# THE TASK
Would you reproduce exactly the lines below from the one holding "PROTECTIVE SUN CREAM" through the one holding "Asya Olive Floral Embroidered Dress - Uboric", inclusive, and no others?
[[ SOURCE DATA open ]]
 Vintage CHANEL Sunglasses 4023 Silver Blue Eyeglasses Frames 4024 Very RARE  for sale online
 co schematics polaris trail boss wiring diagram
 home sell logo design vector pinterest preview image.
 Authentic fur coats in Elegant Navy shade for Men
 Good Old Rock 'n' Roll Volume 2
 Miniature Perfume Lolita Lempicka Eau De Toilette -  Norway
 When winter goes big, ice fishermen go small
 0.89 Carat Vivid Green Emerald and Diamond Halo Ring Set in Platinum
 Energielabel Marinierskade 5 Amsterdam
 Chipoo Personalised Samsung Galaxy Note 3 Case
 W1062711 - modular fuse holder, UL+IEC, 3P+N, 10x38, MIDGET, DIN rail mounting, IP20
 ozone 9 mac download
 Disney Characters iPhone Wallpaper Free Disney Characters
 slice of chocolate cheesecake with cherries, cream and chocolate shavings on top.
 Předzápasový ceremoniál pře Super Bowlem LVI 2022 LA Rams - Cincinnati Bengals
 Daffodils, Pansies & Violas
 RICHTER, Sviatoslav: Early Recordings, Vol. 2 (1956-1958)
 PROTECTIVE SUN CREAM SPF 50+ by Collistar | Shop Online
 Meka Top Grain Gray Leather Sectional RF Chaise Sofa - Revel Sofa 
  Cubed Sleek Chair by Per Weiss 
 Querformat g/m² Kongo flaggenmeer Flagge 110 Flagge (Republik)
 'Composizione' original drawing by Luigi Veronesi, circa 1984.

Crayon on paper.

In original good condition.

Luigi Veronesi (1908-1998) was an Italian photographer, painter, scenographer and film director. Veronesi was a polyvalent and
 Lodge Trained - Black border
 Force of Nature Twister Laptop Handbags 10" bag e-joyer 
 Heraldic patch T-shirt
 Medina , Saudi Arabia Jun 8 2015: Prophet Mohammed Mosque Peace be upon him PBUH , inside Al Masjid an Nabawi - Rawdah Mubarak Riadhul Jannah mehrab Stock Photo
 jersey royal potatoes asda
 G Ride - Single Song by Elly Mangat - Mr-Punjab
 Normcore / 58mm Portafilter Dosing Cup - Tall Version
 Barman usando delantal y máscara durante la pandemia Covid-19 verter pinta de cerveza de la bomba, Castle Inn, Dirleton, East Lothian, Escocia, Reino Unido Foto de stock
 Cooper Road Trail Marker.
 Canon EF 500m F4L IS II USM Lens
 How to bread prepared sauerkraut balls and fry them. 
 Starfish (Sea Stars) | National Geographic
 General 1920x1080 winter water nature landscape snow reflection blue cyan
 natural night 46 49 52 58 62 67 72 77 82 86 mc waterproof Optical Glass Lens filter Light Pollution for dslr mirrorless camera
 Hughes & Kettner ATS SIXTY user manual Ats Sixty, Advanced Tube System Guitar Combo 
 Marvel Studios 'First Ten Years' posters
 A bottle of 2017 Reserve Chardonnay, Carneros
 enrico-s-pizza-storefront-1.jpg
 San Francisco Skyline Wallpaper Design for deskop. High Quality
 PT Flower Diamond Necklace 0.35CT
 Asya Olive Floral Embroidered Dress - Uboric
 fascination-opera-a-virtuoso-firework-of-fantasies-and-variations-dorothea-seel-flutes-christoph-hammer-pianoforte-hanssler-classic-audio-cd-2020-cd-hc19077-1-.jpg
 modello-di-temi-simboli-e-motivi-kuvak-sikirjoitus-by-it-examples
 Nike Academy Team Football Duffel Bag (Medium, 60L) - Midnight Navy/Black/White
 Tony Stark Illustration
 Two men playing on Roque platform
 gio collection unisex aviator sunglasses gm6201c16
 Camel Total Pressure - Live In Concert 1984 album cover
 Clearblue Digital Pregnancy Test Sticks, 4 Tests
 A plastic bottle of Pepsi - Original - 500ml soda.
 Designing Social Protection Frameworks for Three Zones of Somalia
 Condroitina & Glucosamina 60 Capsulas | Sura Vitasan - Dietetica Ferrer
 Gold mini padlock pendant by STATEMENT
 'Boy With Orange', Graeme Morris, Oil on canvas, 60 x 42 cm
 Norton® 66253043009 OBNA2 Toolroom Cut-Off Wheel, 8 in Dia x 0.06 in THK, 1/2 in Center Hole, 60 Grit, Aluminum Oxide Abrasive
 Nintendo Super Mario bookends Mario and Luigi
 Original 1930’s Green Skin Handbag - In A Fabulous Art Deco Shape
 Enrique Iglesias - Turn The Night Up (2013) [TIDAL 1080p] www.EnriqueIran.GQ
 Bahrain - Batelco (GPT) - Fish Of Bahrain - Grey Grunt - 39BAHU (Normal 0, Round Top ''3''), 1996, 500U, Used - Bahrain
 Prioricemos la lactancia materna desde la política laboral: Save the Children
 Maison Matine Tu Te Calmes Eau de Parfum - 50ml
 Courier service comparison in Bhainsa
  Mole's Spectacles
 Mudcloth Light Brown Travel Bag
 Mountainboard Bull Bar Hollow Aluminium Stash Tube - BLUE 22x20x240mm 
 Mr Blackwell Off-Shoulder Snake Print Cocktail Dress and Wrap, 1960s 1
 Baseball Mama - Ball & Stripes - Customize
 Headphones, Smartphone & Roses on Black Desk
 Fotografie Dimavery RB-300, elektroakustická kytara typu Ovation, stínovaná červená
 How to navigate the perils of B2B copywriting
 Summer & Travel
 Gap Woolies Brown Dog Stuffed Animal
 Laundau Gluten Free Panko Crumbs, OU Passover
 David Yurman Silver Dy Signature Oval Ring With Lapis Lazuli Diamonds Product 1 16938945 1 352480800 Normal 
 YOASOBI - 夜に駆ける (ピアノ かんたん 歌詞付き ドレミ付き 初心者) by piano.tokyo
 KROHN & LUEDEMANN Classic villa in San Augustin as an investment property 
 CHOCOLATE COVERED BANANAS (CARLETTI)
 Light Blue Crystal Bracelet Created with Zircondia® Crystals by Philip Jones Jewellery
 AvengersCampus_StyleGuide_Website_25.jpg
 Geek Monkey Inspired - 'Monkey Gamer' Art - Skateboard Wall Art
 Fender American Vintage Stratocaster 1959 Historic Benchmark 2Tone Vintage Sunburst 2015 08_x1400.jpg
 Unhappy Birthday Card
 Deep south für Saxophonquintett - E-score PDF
[[ SOURCE DATA closed ]]
# SOLUTION TO THIS TASK
 PROTECTIVE SUN CREAM SPF 50+ by Collistar | Shop Online
 Meka Top Grain Gray Leather Sectional RF Chaise Sofa - Revel Sofa 
  Cubed Sleek Chair by Per Weiss 
 Querformat g/m² Kongo flaggenmeer Flagge 110 Flagge (Republik)
 'Composizione' original drawing by Luigi Veronesi, circa 1984.

Crayon on paper.

In original good condition.

Luigi Veronesi (1908-1998) was an Italian photographer, painter, scenographer and film director. Veronesi was a polyvalent and
 Lodge Trained - Black border
 Force of Nature Twister Laptop Handbags 10" bag e-joyer 
 Heraldic patch T-shirt
 Medina , Saudi Arabia Jun 8 2015: Prophet Mohammed Mosque Peace be upon him PBUH , inside Al Masjid an Nabawi - Rawdah Mubarak Riadhul Jannah mehrab Stock Photo
 jersey royal potatoes asda
 G Ride - Single Song by Elly Mangat - Mr-Punjab
 Normcore / 58mm Portafilter Dosing Cup - Tall Version
 Barman usando delantal y máscara durante la pandemia Covid-19 verter pinta de cerveza de la bomba, Castle Inn, Dirleton, East Lothian, Escocia, Reino Unido Foto de stock
 Cooper Road Trail Marker.
 Canon EF 500m F4L IS II USM Lens
 How to bread prepared sauerkraut balls and fry them. 
 Starfish (Sea Stars) | National Geographic
 General 1920x1080 winter water nature landscape snow reflection blue cyan
 natural night 46 49 52 58 62 67 72 77 82 86 mc waterproof Optical Glass Lens filter Light Pollution for dslr mirrorless camera
 Hughes & Kettner ATS SIXTY user manual Ats Sixty, Advanced Tube System Guitar Combo 
 Marvel Studios 'First Ten Years' posters
 A bottle of 2017 Reserve Chardonnay, Carneros
 enrico-s-pizza-storefront-1.jpg
 San Francisco Skyline Wallpaper Design for deskop. High Quality
 PT Flower Diamond Necklace 0.35CT
 Asya Olive Floral Embroidered Dress - Uboric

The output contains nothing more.